Well done to the BM - Seven years of planning has produced a model to us all on how to develop a conservation facility for current times.

Tuesday, January 27, 2015

In defence of Egyptian conservators

Reading about the botched beard reattachment job on King Tut in the London Times on Friday, I had my doubts as to whether this was really the work of my conservator colleagues in Egypt. So I am glad to read in today’s Art Daily that the director of the Egyptian Museum, Dr Mahmoud al-Helwagy has denied that conservators were involved, strongly defending them, saying “This is illogical and inconceivable. These are conservation workers, not carpenters.”

But let’s recap on what we do know of the story so far (which I suspect has some way to run yet). It appears that a maintenance worker noted a light was out in the glass case that houses King Tutankhamun’s funerary mask in the Egyptian Museum, Cairo, which  just happens to be one of the great treasures of the world. In the process of removal, the case hit the mask and it almost fell off its pedestal, saved by a lunging curator who grabbed it in his arms. Unfortunately the lunge was just not quite delicate enough (such being the nature of lunges) and the beard fell off. I can’t imagine what language was used at the time but it would have been a jaw dropping moment for all involved.

Whereupon all hell clearly broke loose, the loudest voice being the one that yelled ‘pass me the epoxy quickly’. A hasty repair was executed and the beard was soon back in its rightful position. Two problems folks, however, arise. Number one is that, although epoxy is used in conservation, it is extremely difficult to reverse and should only be used when no other adhesive can take the strain and after much discussion around the proposed treatment. Secondly and more obviously, the repair is clearly crooked, which is what alerted the outside world to the problem in the first place.

How can this happen, you rightly ask? Well, firstly, accidents do happen - check out my blog post from February 2010 for a few examples. Secondly, involvement of non-conservators invariably spells disaster. Again, witness the story of our old friend Cecilia Giménez and her restoration of the face of Jesus in the Spanish church of Santuario de la Misericordia near Zaragoza (September 2012). 

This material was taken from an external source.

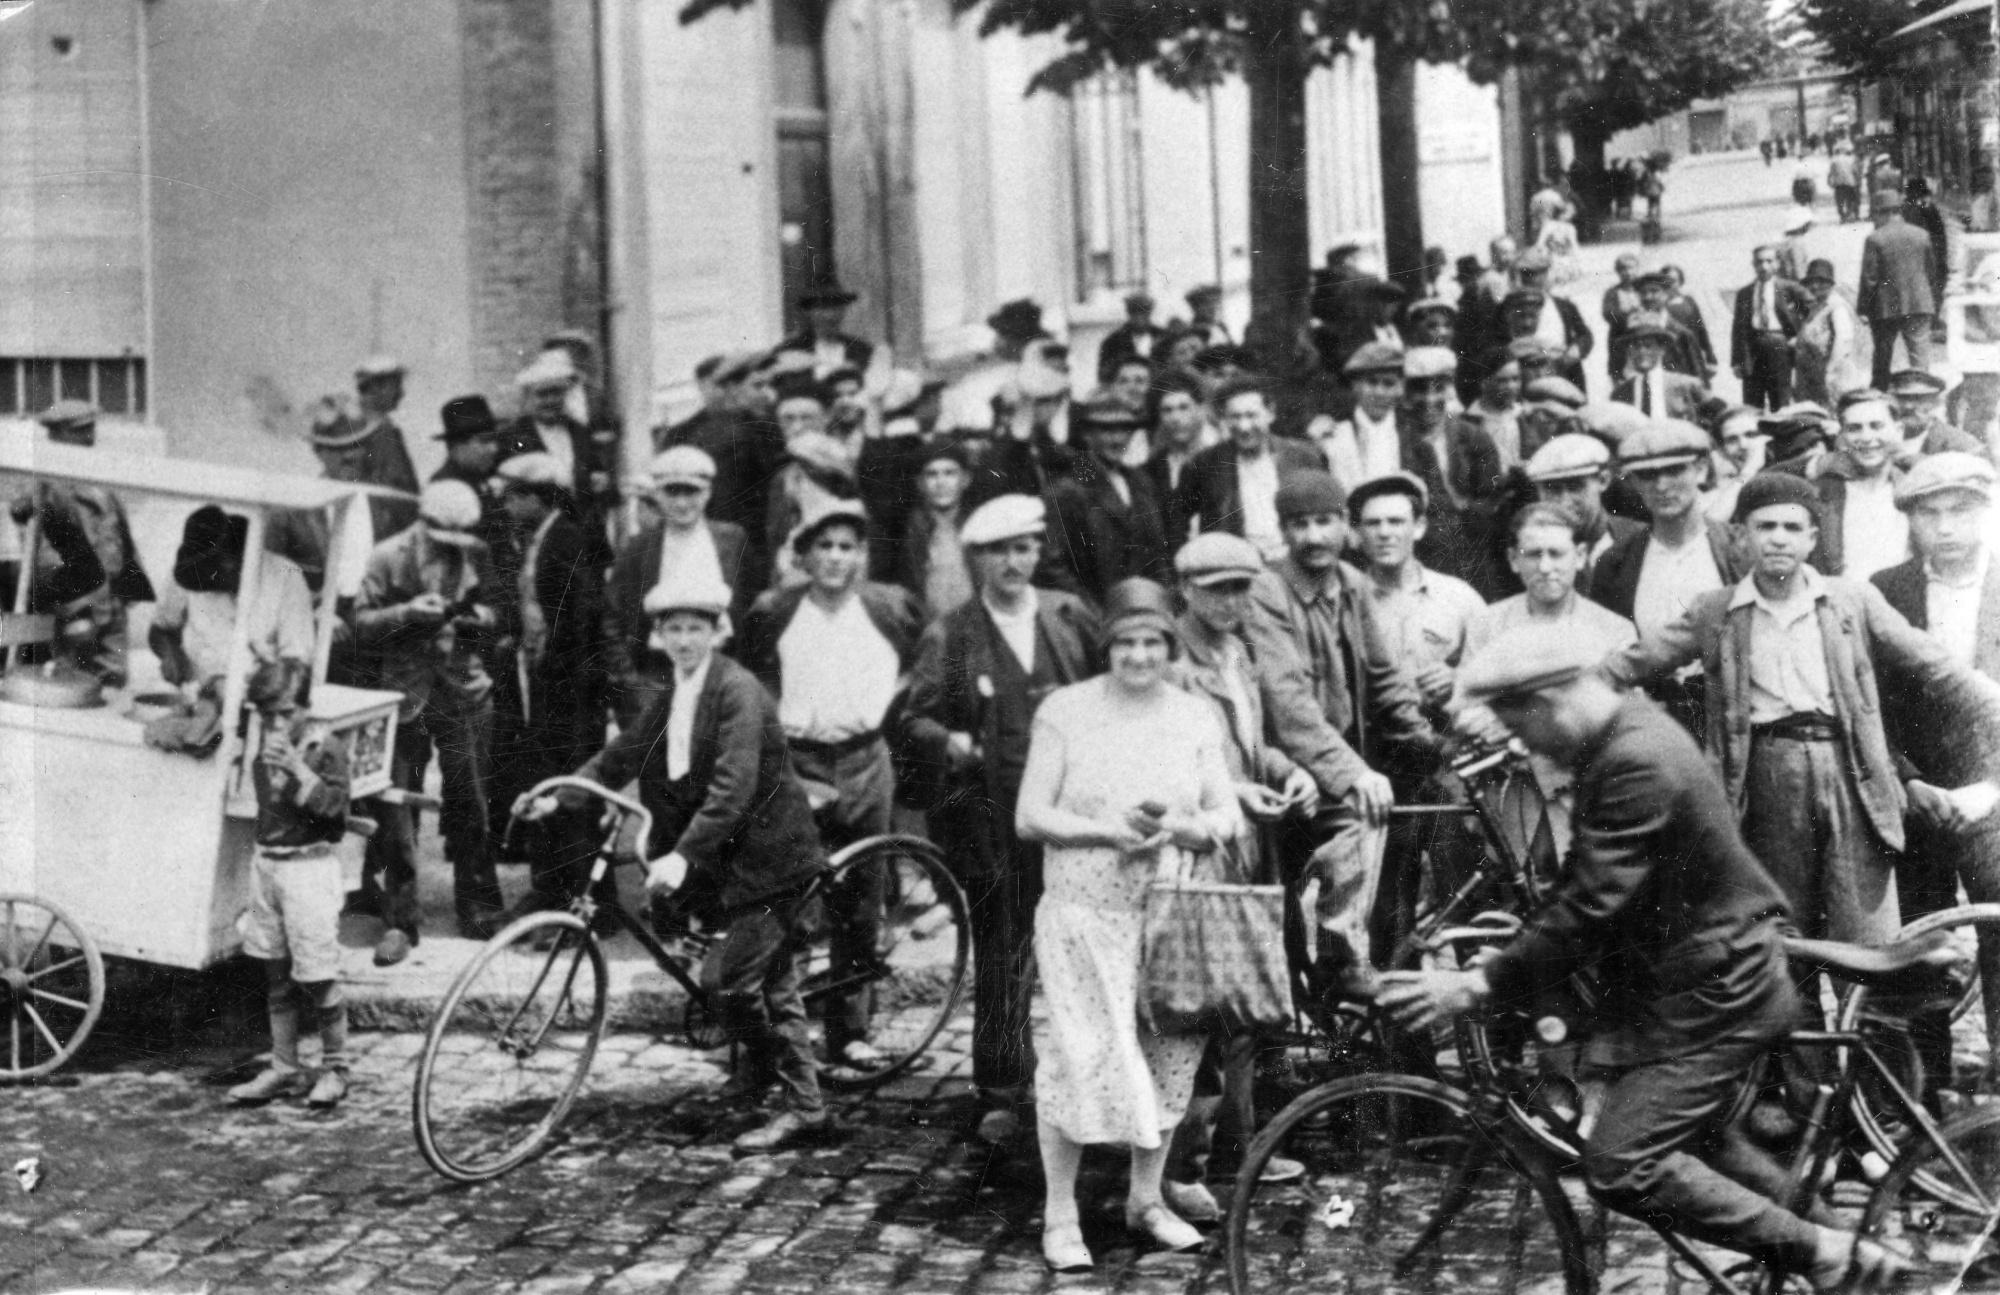 Sortie des usines Gillet en 1928

And thirdly, this is not a unique example of such an experience. Some years ago, an Australian conservator friend of mine couriered a clay artefact to an exhibition in Europe, seeing it placed in position and the display case locked, before she set off for her hotel.  Returning the next day to the exhibition for a final look before she headed home, she was surprised to see the display case had been moved. Checking the artefact through the glass, she detected firstly a crack and then some excess glue on the surface. The sorry tale was soon revealed – the display case had to be moved after my friend left, the artefact fell over and broke in two in the process and a panicking curator applied some Supaglue to try and make good.

But don’t blame it on the conservators!